Becoming a Mom has been the greatest gift God has ever given to me.
I got married at 38, got pregnant at 39 and had my child at 40. I often talk and think about how as a person with a behavioral health diagnosis I have done everything “late.” I have to talk with myself about how life events like graduating from Ivy College or graduating from Business School or obtaining my professional project management certification may have occurred on God’s timeline rather than on my own.
Perhaps I am not late in achieving these life events any more than I am early in my perceptions or thoughts about time and matter and anti-matter. Perhaps all of these thoughts and events and timelines are under control with the ultimate project manager – God himself.
Still, I have a hard-time accepting that these successes are on God’s timeline rather than my own. I want to be able to say “I’m normal” and therefore “my successes have occurred in the way I have prepared for, planned and executed.” In reality these successes are contingent upon allowing myself some “grace” and the opportunity to pursue my accomplishments in an elongated timeframe. There are many goals that I have currently that I continue to pursue – the message to myself along these pursuits is that God is in control of these developments, even though I would prefer to be in control myself. I would prefer to be in control just as that ten-year-old child within does so as perhaps despite myself to take full blame when things don’t go according to plan. If my child within is six and/or if God is in control, I am no longer in control of the outcomes of my life.
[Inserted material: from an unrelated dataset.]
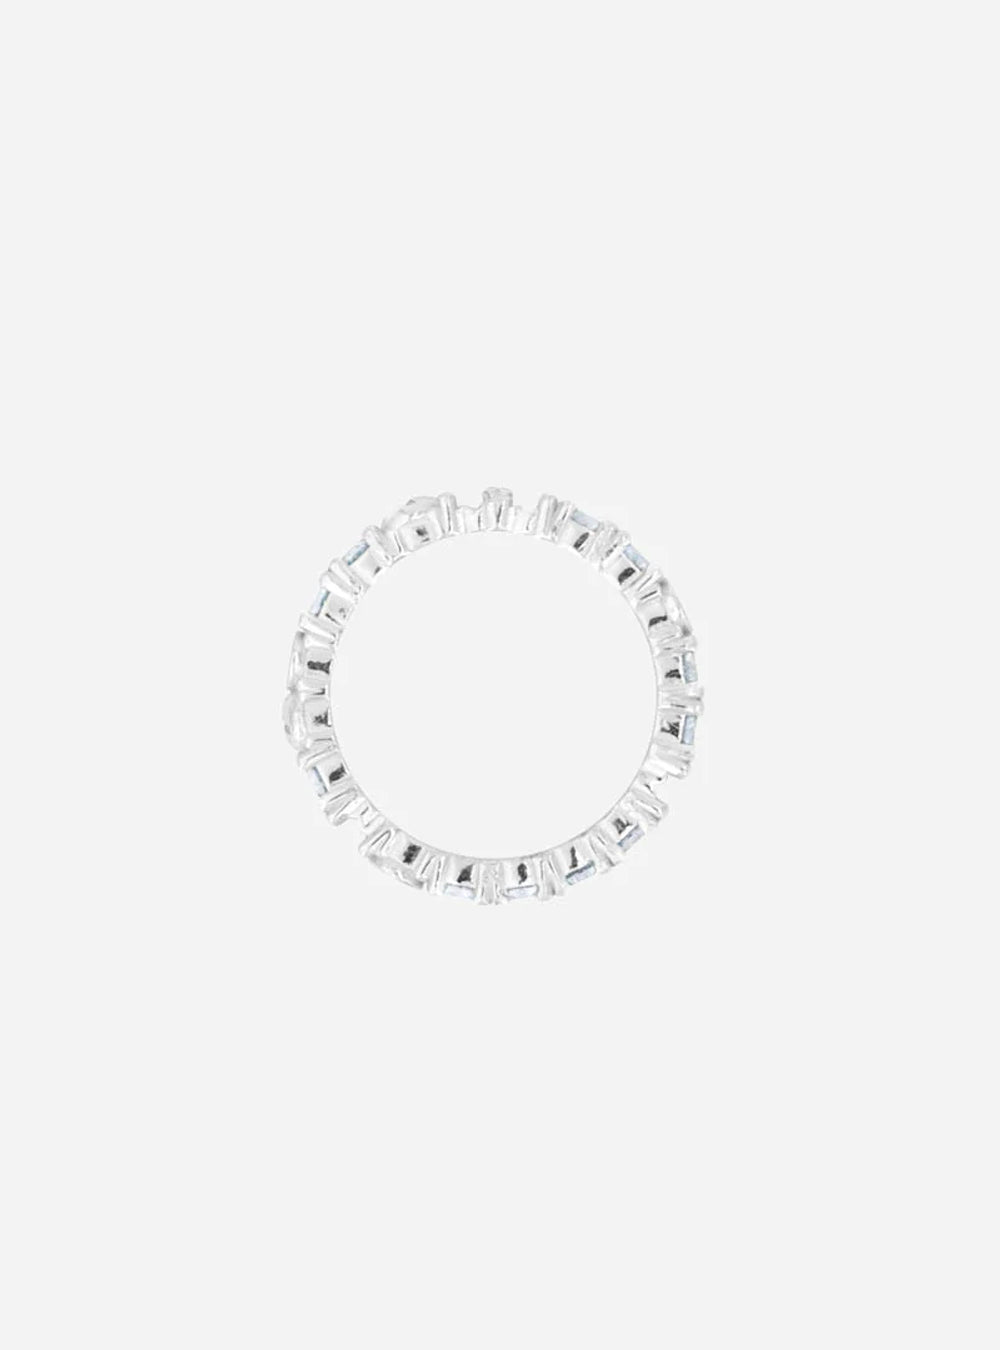 a Broken eternity ring with gray moissanite from MIDNIGHTFACTORY on a white surface.

If I give my life over truly to God, then every outcome including the potential for child abuse at age six is part of his plan for me and I need not accept any particular outcome as “my doing” or “my fault.” Perhaps my role in God’s eyes is to tell my story of abuse so that others will not have to endure such happenings or at a minimum can feel some solidarity surrounding those events.
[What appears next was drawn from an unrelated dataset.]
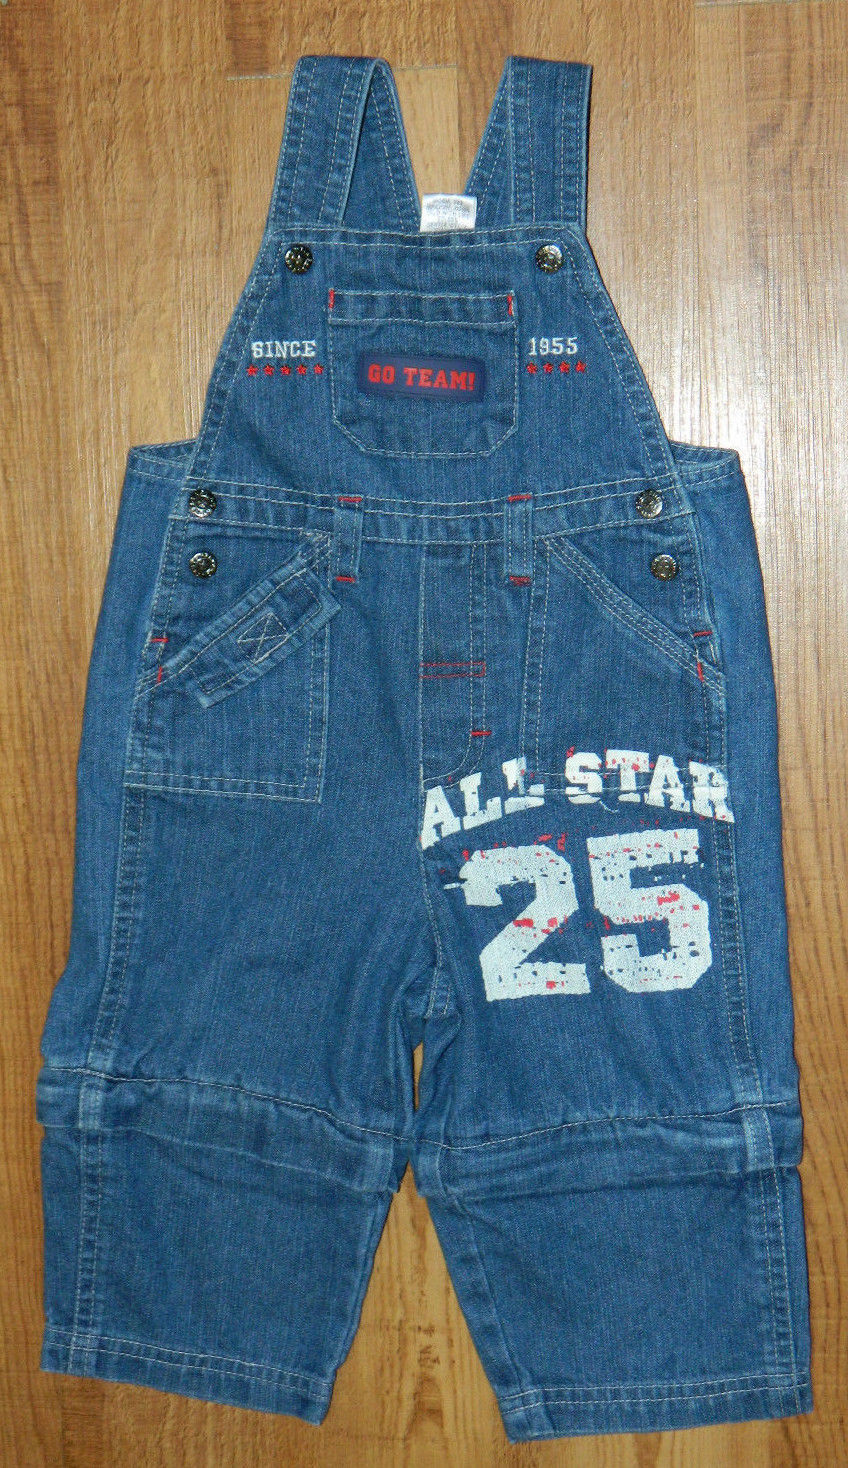 Primary image for Infants Boys Starting Out Brand Denim Overalls and Shorts size 12 months / 20x9

So it was with having my daughter — the biggest accomplishment of my life. For years, I heard that Lithium was contra-positive toward being pregnant and carrying a child. For years in my twenties and my thirties, I asked to change my meds so that I might be ready once I got married to carry a child. When I met my husband, we talked at length about the fact that bipolar illness has a huge genetic component and that there would be some risk of passing the illness along to my child. I considered this strongly and even looked into the idea of surrogate eggs and surrogate Moms. In addition, there was a study occurring at a local university hospital which posited that risks to the fetus for heart impacts associated with lithium use by the mom were grossly overstated. My husband was not keen on the surrogate or adoption alternatives, so about 7 months after we were married, we started to try through traditional methods to get pregnant. I was 39 at the time. I believe that prior to this time, I may not have been ready to be a Mom, at the same time I do not really advise people to wait too long to have kids. My husband and I were very blessed to become pregnant within two months of trying. For most people at the age of 39 in vitro and other pregnancy/fertilization tactics would have been needed.
Even amidst the throes of postpartum depression and related problems, having my daughter in my life and experiencing her as part of my family with my husband continues to be the greatest blessing in my life. Even now in the midst of the teen years and our occasional head-butting, my daughter continues without a doubt to be the love of my life tying with my husband.